Exercise brief. In the records below, find the line containing "Everyday Tote Bag in Hot Pink worn by model" and retype it and every line after it exactly, adding nothing.

---------- Data records

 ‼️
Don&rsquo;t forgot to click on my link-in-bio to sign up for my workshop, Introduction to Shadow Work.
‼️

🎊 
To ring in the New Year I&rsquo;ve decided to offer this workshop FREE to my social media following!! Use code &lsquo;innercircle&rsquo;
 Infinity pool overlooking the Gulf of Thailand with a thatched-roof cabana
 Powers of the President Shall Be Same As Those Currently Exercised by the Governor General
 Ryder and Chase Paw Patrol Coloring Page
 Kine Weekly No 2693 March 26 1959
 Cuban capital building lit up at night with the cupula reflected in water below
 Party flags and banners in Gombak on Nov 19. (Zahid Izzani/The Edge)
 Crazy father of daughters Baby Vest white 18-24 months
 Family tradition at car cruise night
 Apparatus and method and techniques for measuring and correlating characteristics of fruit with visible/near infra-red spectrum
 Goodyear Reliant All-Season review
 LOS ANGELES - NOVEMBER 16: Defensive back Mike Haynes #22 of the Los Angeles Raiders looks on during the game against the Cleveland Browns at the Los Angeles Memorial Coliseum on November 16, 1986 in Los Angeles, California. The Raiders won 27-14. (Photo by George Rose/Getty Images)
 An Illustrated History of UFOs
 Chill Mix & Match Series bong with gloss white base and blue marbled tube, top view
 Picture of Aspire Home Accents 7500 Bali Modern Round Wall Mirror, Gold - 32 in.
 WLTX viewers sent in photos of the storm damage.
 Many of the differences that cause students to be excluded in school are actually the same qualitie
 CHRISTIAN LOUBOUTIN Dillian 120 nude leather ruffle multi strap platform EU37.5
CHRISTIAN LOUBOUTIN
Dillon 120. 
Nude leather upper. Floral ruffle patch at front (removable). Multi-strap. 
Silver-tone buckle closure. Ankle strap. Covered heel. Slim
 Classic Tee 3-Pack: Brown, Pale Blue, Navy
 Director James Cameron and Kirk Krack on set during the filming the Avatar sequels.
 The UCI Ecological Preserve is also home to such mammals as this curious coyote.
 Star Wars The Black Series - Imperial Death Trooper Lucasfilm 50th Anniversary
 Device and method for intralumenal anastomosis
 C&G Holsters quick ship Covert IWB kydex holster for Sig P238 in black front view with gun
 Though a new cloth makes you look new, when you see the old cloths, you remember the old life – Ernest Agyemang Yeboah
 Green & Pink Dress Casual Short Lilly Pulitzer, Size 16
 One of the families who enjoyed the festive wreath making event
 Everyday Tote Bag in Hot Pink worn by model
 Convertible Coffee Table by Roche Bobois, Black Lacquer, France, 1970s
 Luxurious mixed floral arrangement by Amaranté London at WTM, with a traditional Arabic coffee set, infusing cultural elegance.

--------------------

Result of the task.
 Everyday Tote Bag in Hot Pink worn by model
 Convertible Coffee Table by Roche Bobois, Black Lacquer, France, 1970s
 Luxurious mixed floral arrangement by Amaranté London at WTM, with a traditional Arabic coffee set, infusing cultural elegance.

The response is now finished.